Symantec Corporation just announced PC Anywhere 11.5 with AES encryption (up to 256-bit cipher strength) for both authentication and the data stream. The new version of pcAnywhere also offers host address blocking, 13 different methods of authentication (including RSA SecurID authentication), the ability to specify TCP/IP addresses and subnets that are allowed to connect, and the option to hide pcAnywhere hosts from TCP/IP browse lists.
Check security specs before you buy, because these things change. Go to BugTraq and check the product name (in date order) for security reports.

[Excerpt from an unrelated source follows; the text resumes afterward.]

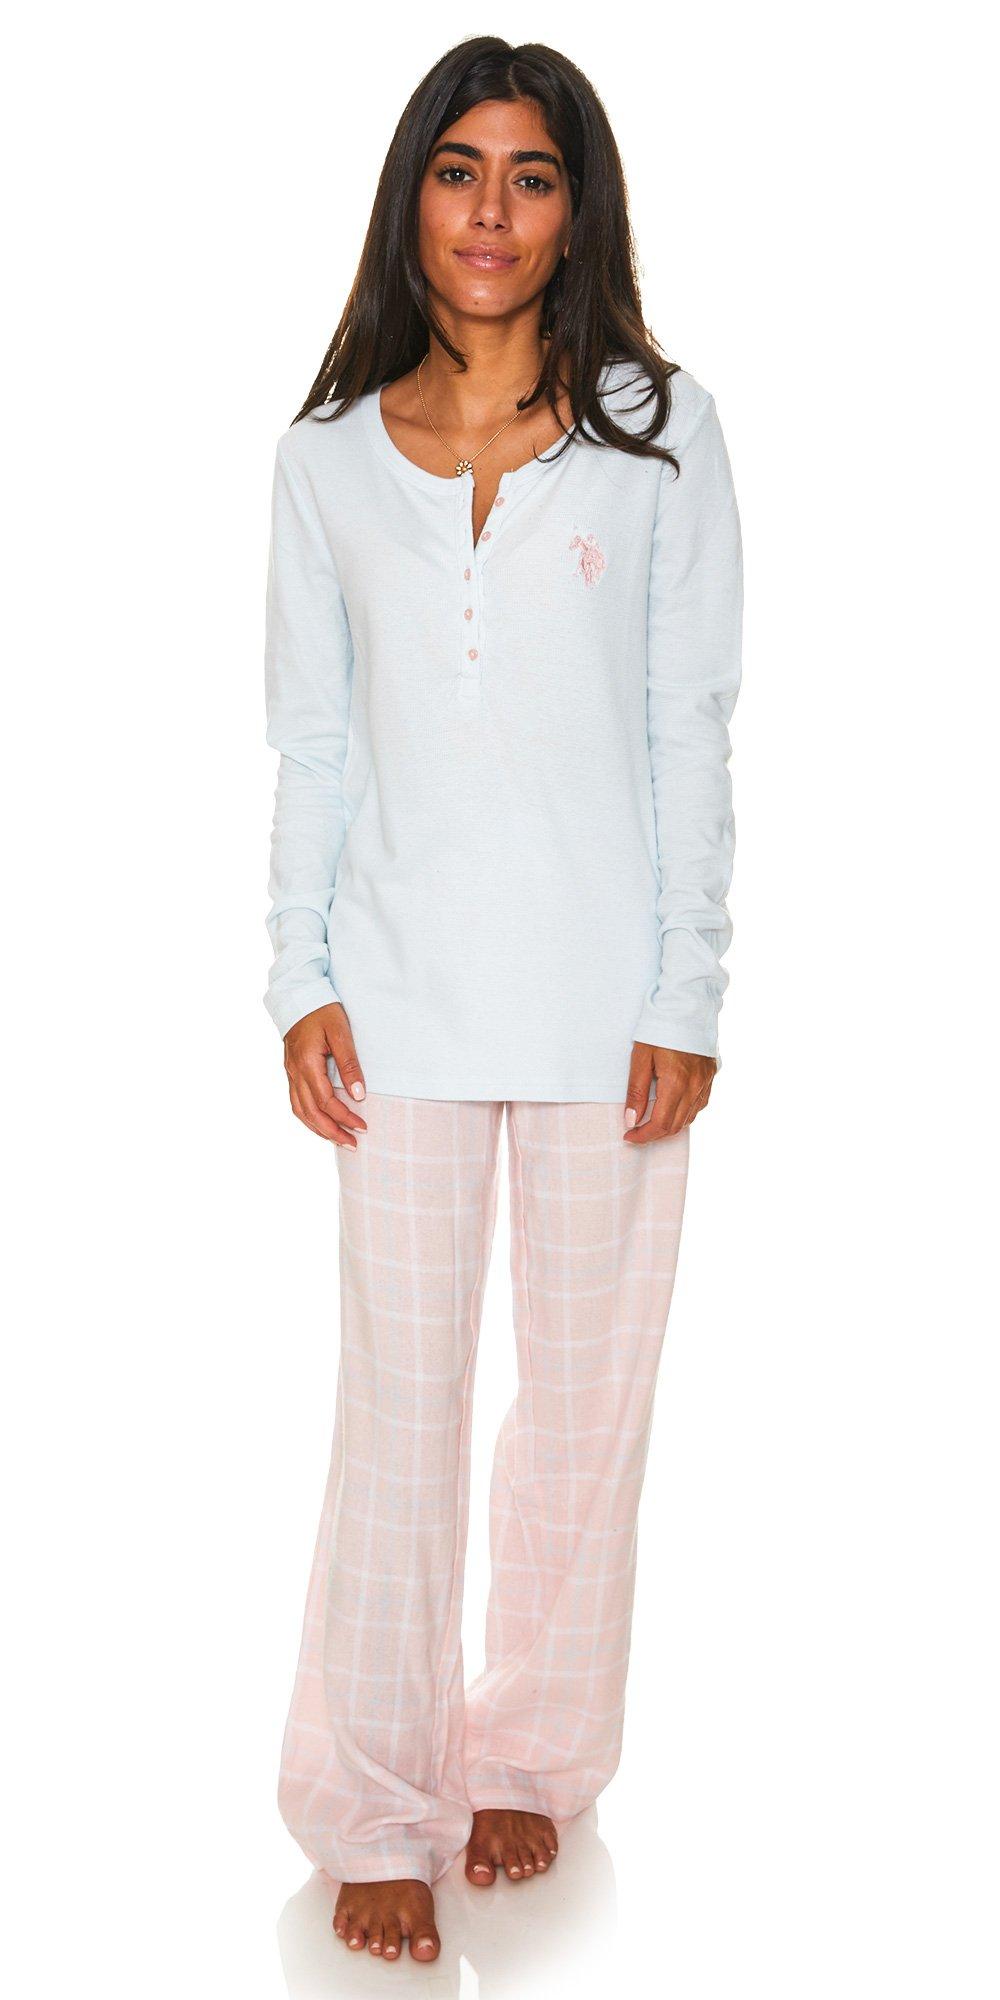 U.S. Polo Assn. Womens Thermal Top and Cotton Pants Flannel Pajamas Sleep Set Light Blue Large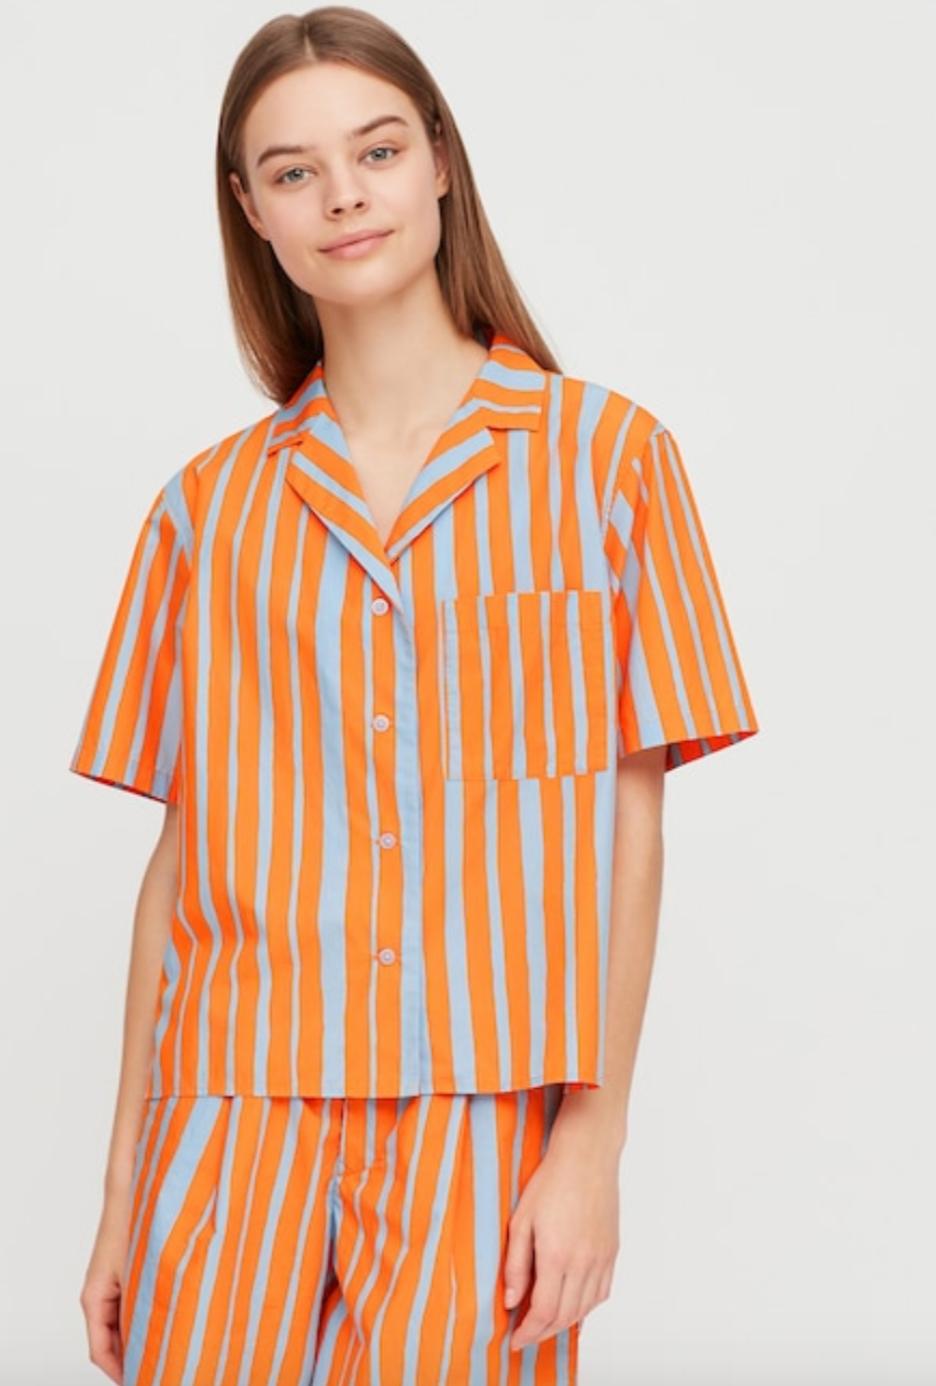 Uniqlo x Marimekko Short-Sleeve Shirt

Also, make sure you can blank the screen in the office so telecommuters don't have an audience watching what they're doing from home.
The Important Things
Before you open the gates of your compound to your fellow humans, here are some final words of advice on keeping out the slathering monsters beyond the walls:
The lamest dual-mode authentication beats the slickest new trick. So take back the link to the national nose-print database if it isn't integrated with strong password protection.
If your troops are going to work on the road, talk to them about physical notebook security.
If your users are working at home, put something in the six-month memo about the safest place for storing passwords: in their heads! They are guardians of your network now.